• [What this task involves]: Restate the listing below line for line and word for word, without the pictures.

• [Exercise data]:

++++++++++

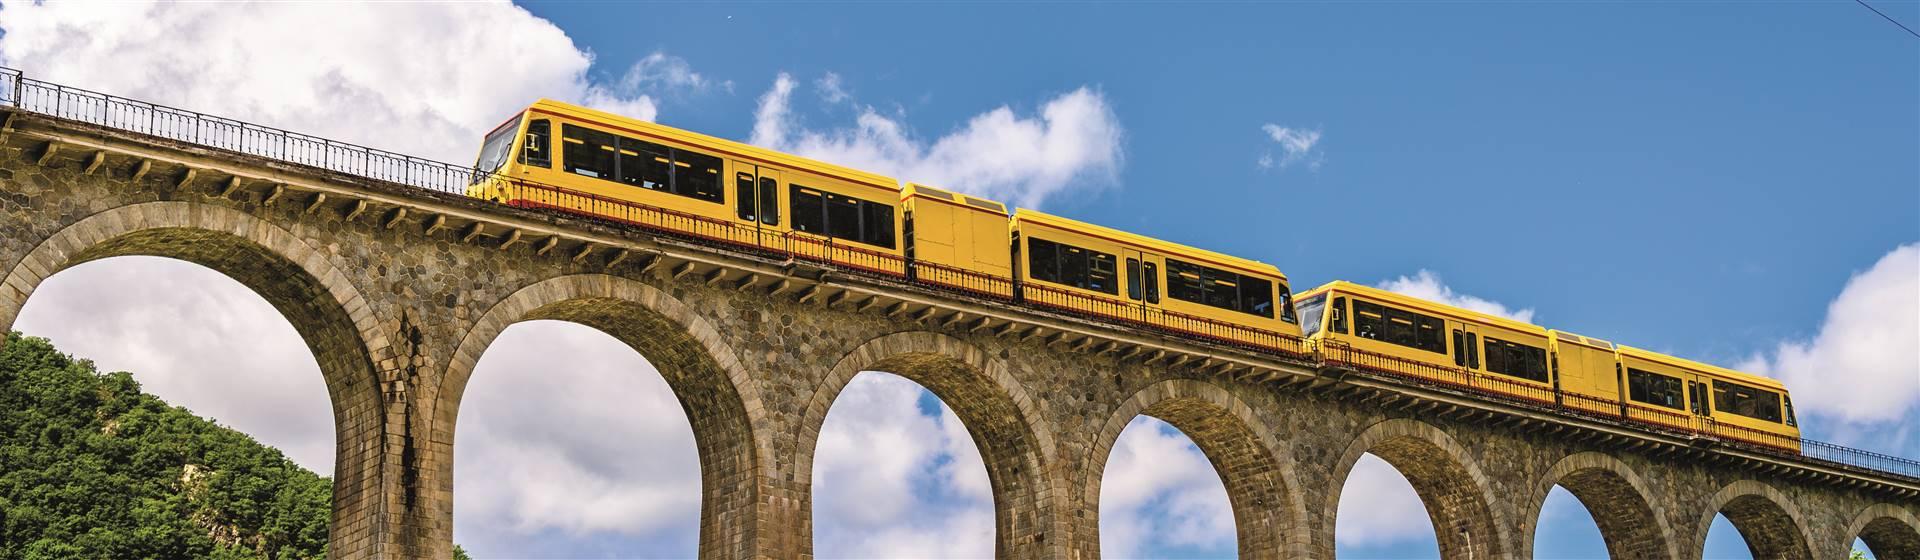 Costa Brava, Barcelona and the Little Yellow Train
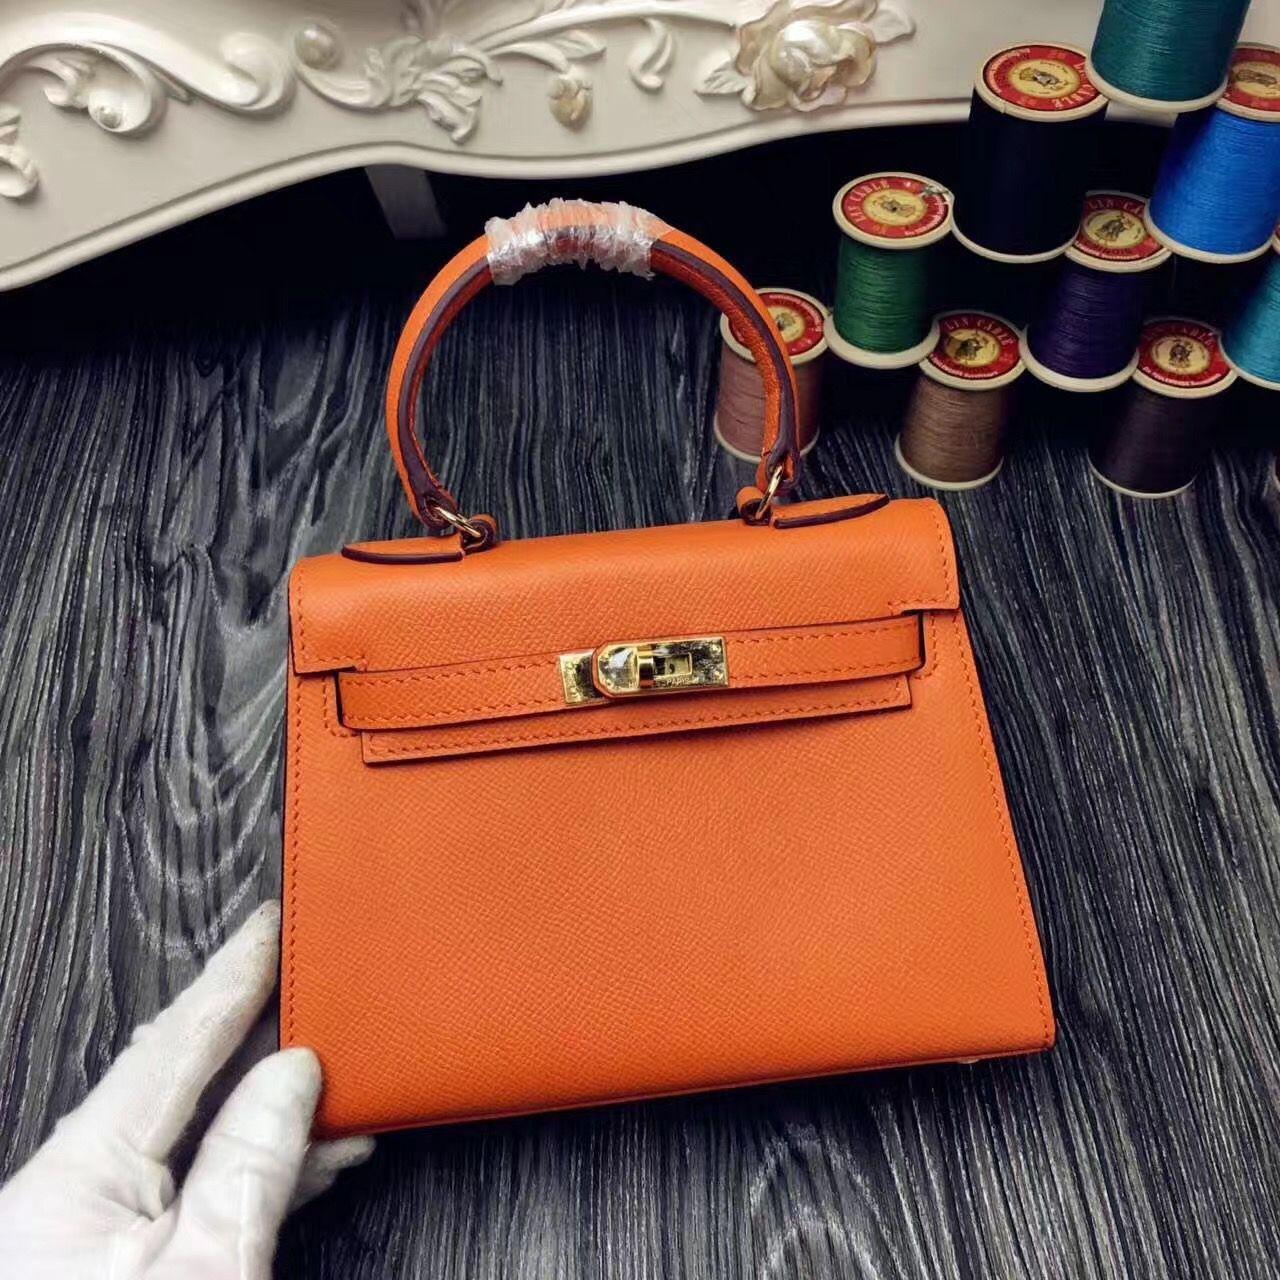 55481c597947 Hermes Original Epsom Leather Kelly 20cm Mini Bag Orange
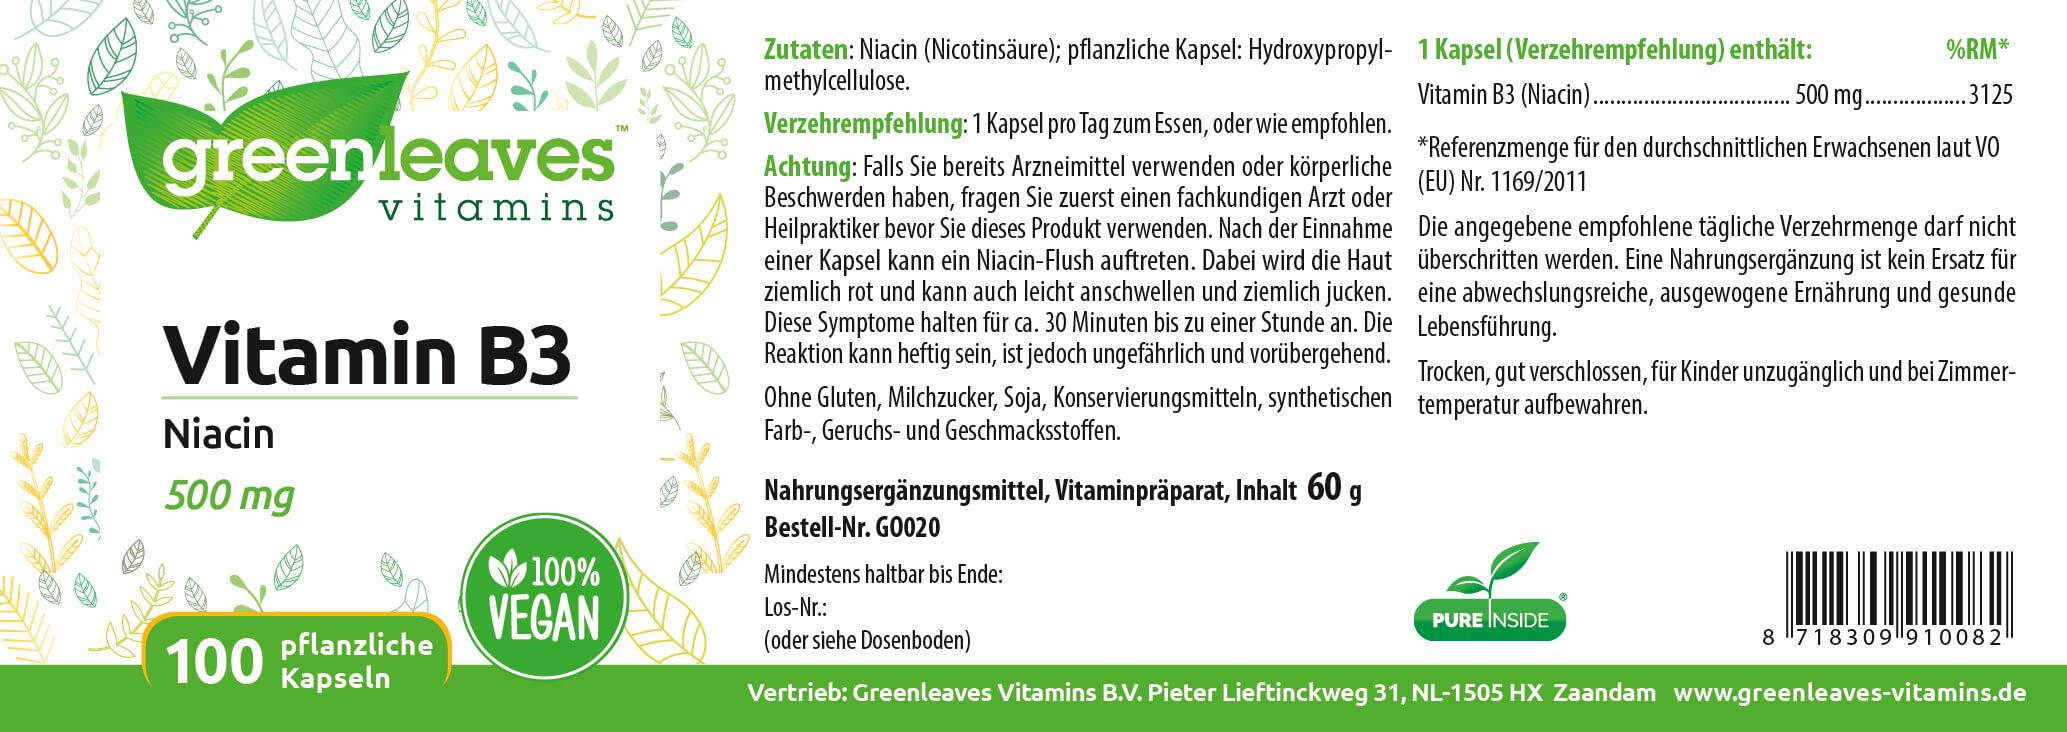 GO020-Vitamin-B3-500mgzvUzNIpMQys5C

++++++++++

• [Solved problem]:
 Costa Brava, Barcelona and the Little Yellow Train
 55481c597947 Hermes Original Epsom Leather Kelly 20cm Mini Bag Orange
 GO020-Vitamin-B3-500mgzvUzNIpMQys5C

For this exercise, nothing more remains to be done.